The festival makes use of a wide range of spaces throughout the town, many of which are not ordinarily performance venues. These include Owain Glyndŵr's Parliament House, the traditional location of the 15th-century parliament of Owain Glyndŵr; Plas Machynlleth, a Georgian era stately home; Ysgol Bro Hyddgen, a local school; and Y Tabernacl, a former Wesleyan chapel that is now home to the Museum of Modern Art, Machynlleth.

The town's leisure centre hosts the Mach Arena.

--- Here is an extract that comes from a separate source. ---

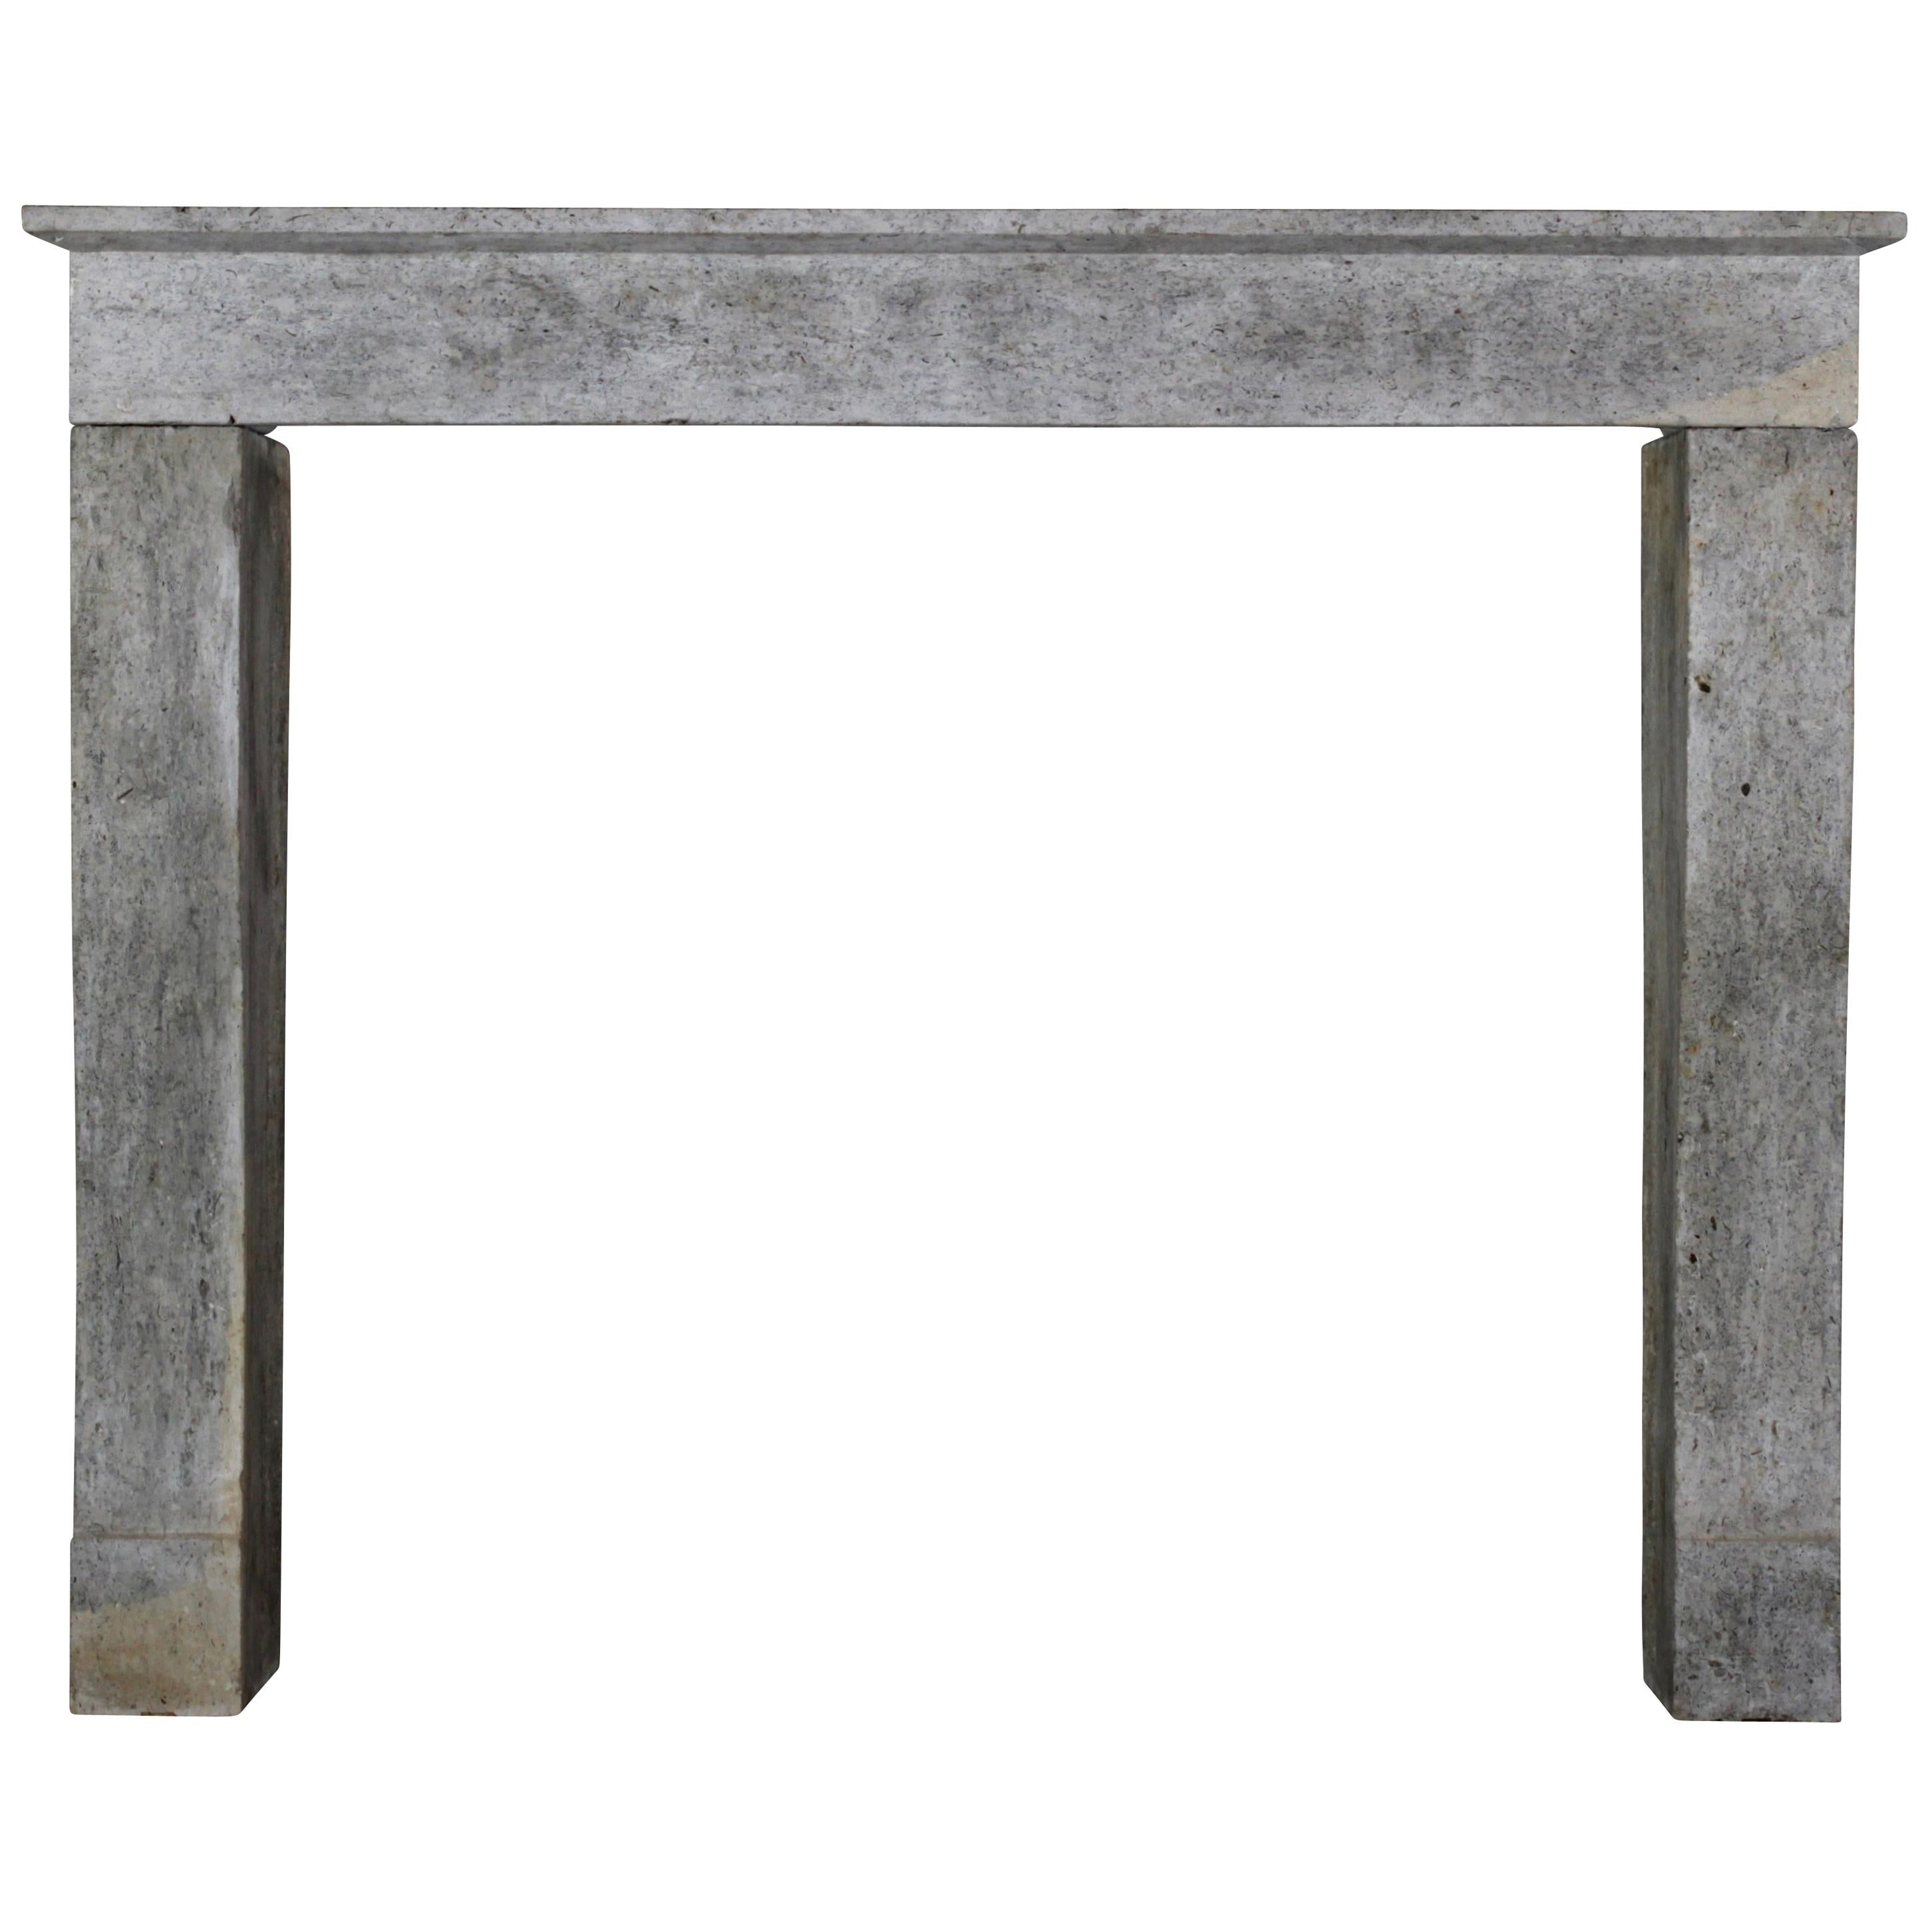 Fine French Vintage Grey Stone Fireplace Surround For Timeless Classy Interior

On several occasions, a dedicated service on the Corris Railway, a local narrow-gauge heritage railway, has been arranged as part of the festival. This service, known as the "Machynlleth Comedy Festival Express", is operated by a traditional steam locomotive and passenger coaches; audience members board the train at Corris railway station and are taken to watch a mixed-bill stand-up comedy show held in an engine shed at Maespoeth Junction.

==Reception==

In a 2010 review for BBC Wales Music, Bethan Elfyn praised the "great atmosphere" of the inaugural festival. Writing for The Guardian the following year, James Kettle highlighted the festival's "top-quality lineup", and noted that the market town of Machynlleth offered a "break from the norm" of "big metropolitan centres" hosting the majority of UK comedy.

The festival is well liked among comedians, visitors and local residents. Comedian Stewart Lee called it "a comedy festival for comedy fans, not for casual consumers or TV executives".